Fact: kids + comfort = vacation happiness.
Comfort, of course, is achieved not just in a physical sense, but an emotional one as well, and when accomplished, makes complete sense.
In a previous posts I’ve discussed the value of appropriate gear when planning a trip to Alaska with kids. On the AKontheGO home page, you can check off items from a helpful list, and search options for renting gear you might not want to bring along or purchase for fast-growing children. In addition to outstanding service from Alaska Baby Rentals and Alaska Outdoor Gear Rental, there’s a new kid on the rental block – BabyQuip – and I met with provider Jeannette Caswell last week to discuss options for families. Caswell is mom to twin boys and is dialed in to the needs of parents juggling all kinds of stuff while traveling. BabyQuip is a nationwide platform with individual providers, and Caswell recently started offering equipment to folks in the greater Anchorage area. Need a car seat? High chair? Portable crib? She’s got them in her inventory, and can meet you at your home, the airport, or just about anywhere else to make sure you have what you require for a meaningful Alaska experience with kids. And, Alaska families, to further the convenience factor, BabyQuip is available in many other cities, so it’s pretty easy to search for and reserve items before you try to haul it all out of Alaska (hello baggage fees) for your next trip.

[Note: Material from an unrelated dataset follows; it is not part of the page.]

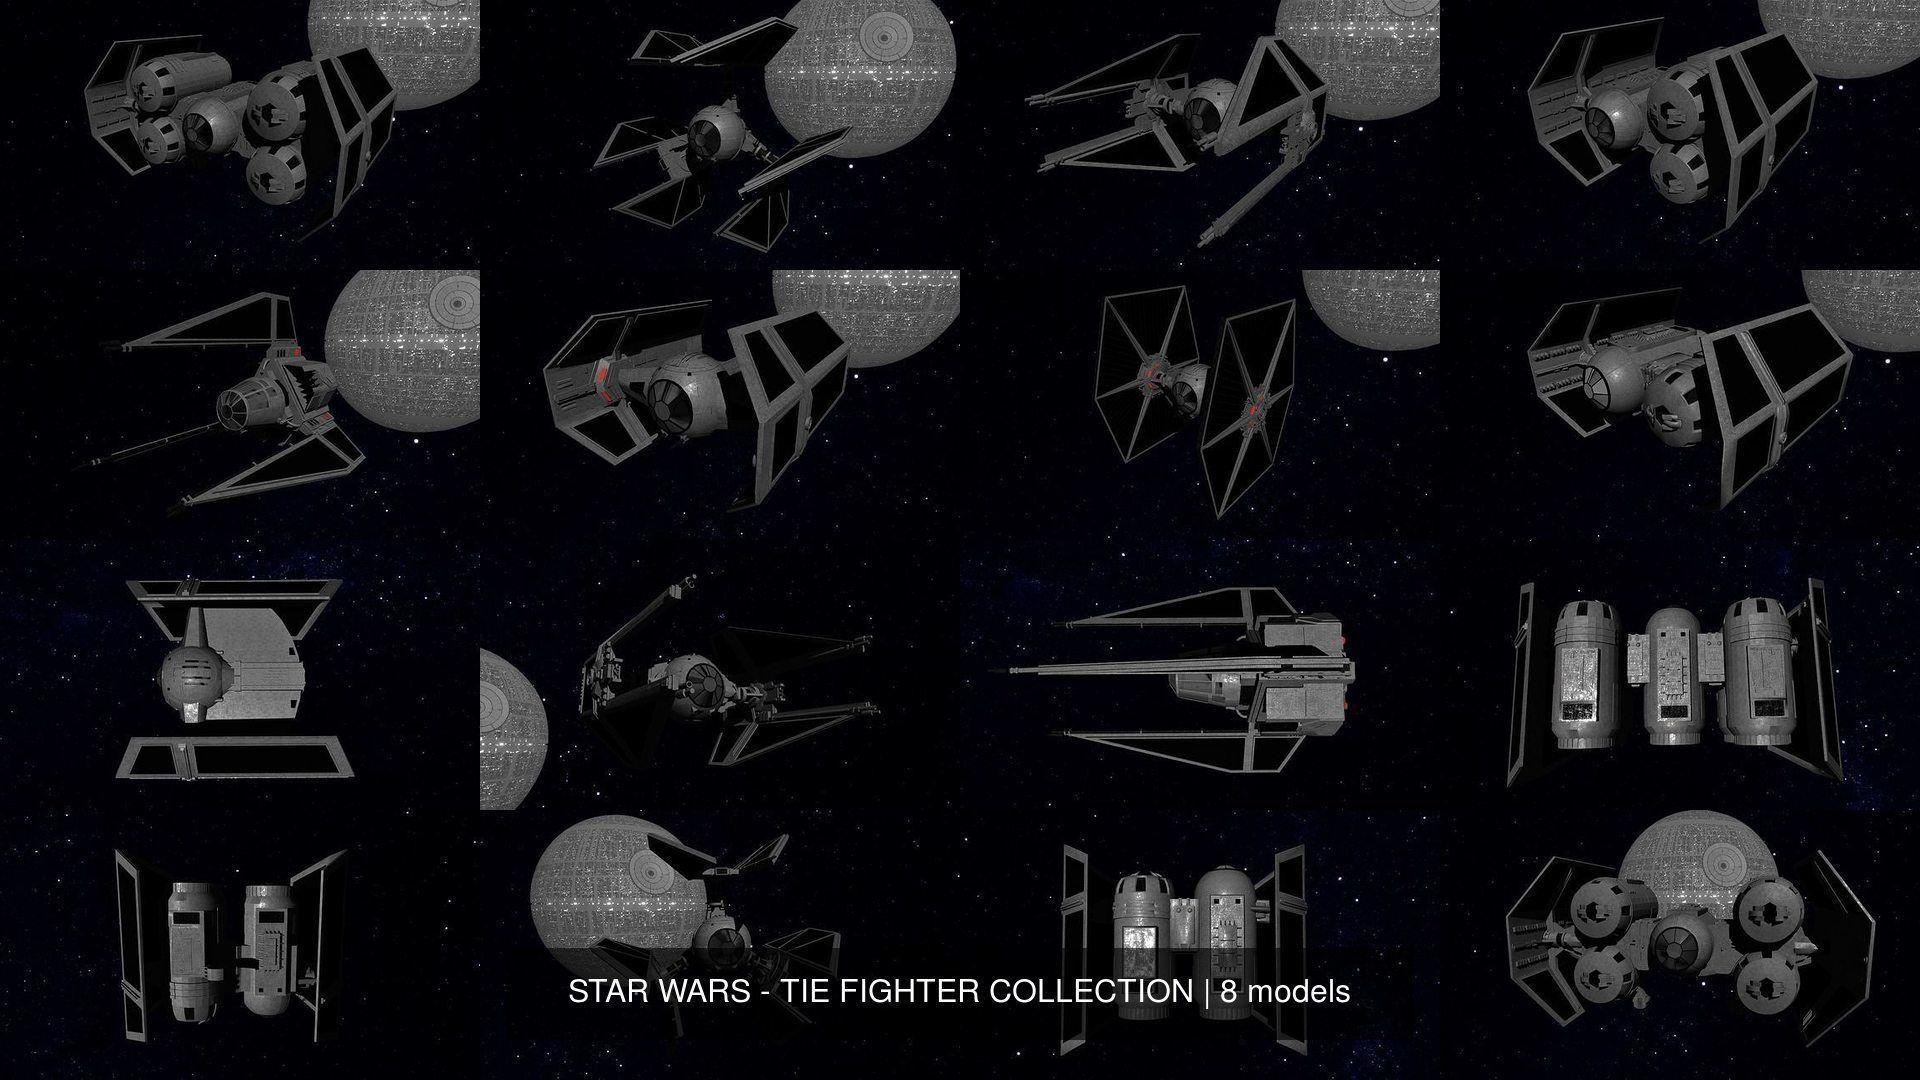 STAR WARS - TIE FIGHTER COLLECTION |

All geared up? Go play on one of Alaska’s many playgrounds, a place where kids can just be kids on their own terms. No tour schedules to meet, no limits on noise-making because other hotel guests might get mad, no worries about climbing that ladder. Just pure play time. One of AKontheGO’s most popular posts centers around these ‘destination playgrounds,’ named so because the towns in which they reside are great places for the whole family to explore. But after the day cruise, or souvenir shopping, or restaurant meal, it’s fabulous to just run and jump and play up a storm. Community playgrounds are places to meet other children, enjoy a familiar activity (remember – comfort), and toss back your head and laugh up a storm without someone on the seat next to you saying “Quiet down.” Phhht. Go crazy, kids.

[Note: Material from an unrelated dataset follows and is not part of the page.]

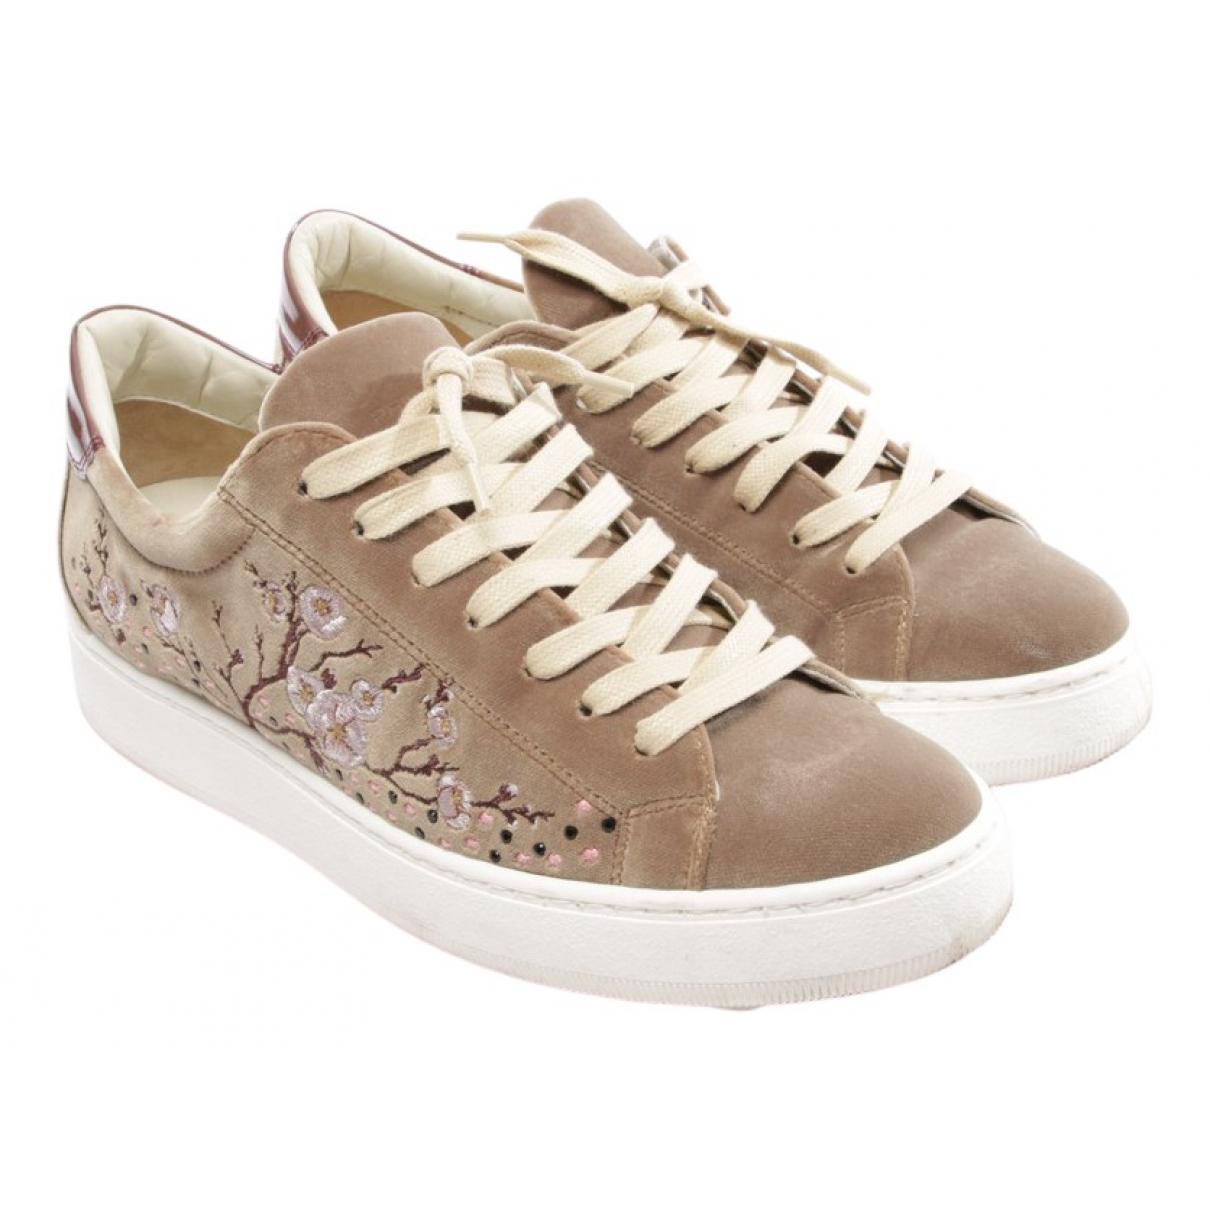 Philippe Model \N Beige Leather Flats for Women 40.5 EU

Finally, it’s mid-February in Alaska, a month when most people are considering a trip to Hawaii, not a full day spent cruising the chilly nooks and crannies of Prince William Sound with their kids. But I did just that yesterday with Babkin Charters and a full boat of guests from China who wanted to experience winter in the Last Frontier. Day cruise companies are responding to the changes in weather patterns by offering trips out of Whittier and Seward during the latter half of winter, and frankly, they’ve got a fan in me. Scenery is stunning in a starkly beautiful sort of way, with peaks sharply contrasting with the gray waters of Prince William Sound or Resurrection Bay. Otters and seals calmly observed us and even swam near for a closer look, feeling more secure in the quiet waters undisturbed by the legions of vessels present in the busy summer months. And the glaciers? They stood out in silent affirmation that there is no place like Alaska for blue ice. With the appropriate gear and a good tour guide, kids will enjoy the day and take home bragging rights to something most of their classmates and friends have yet to experience.
Try Babkin Charters and Lazy Otter Charters in Whittier (the latter even offers school/group trips that take marine science to a new level of fun); or Seward Ocean Excursions in Seward. Dress for variable weather patterns (including wind), and bring your eagle eyes for spotting wildlife.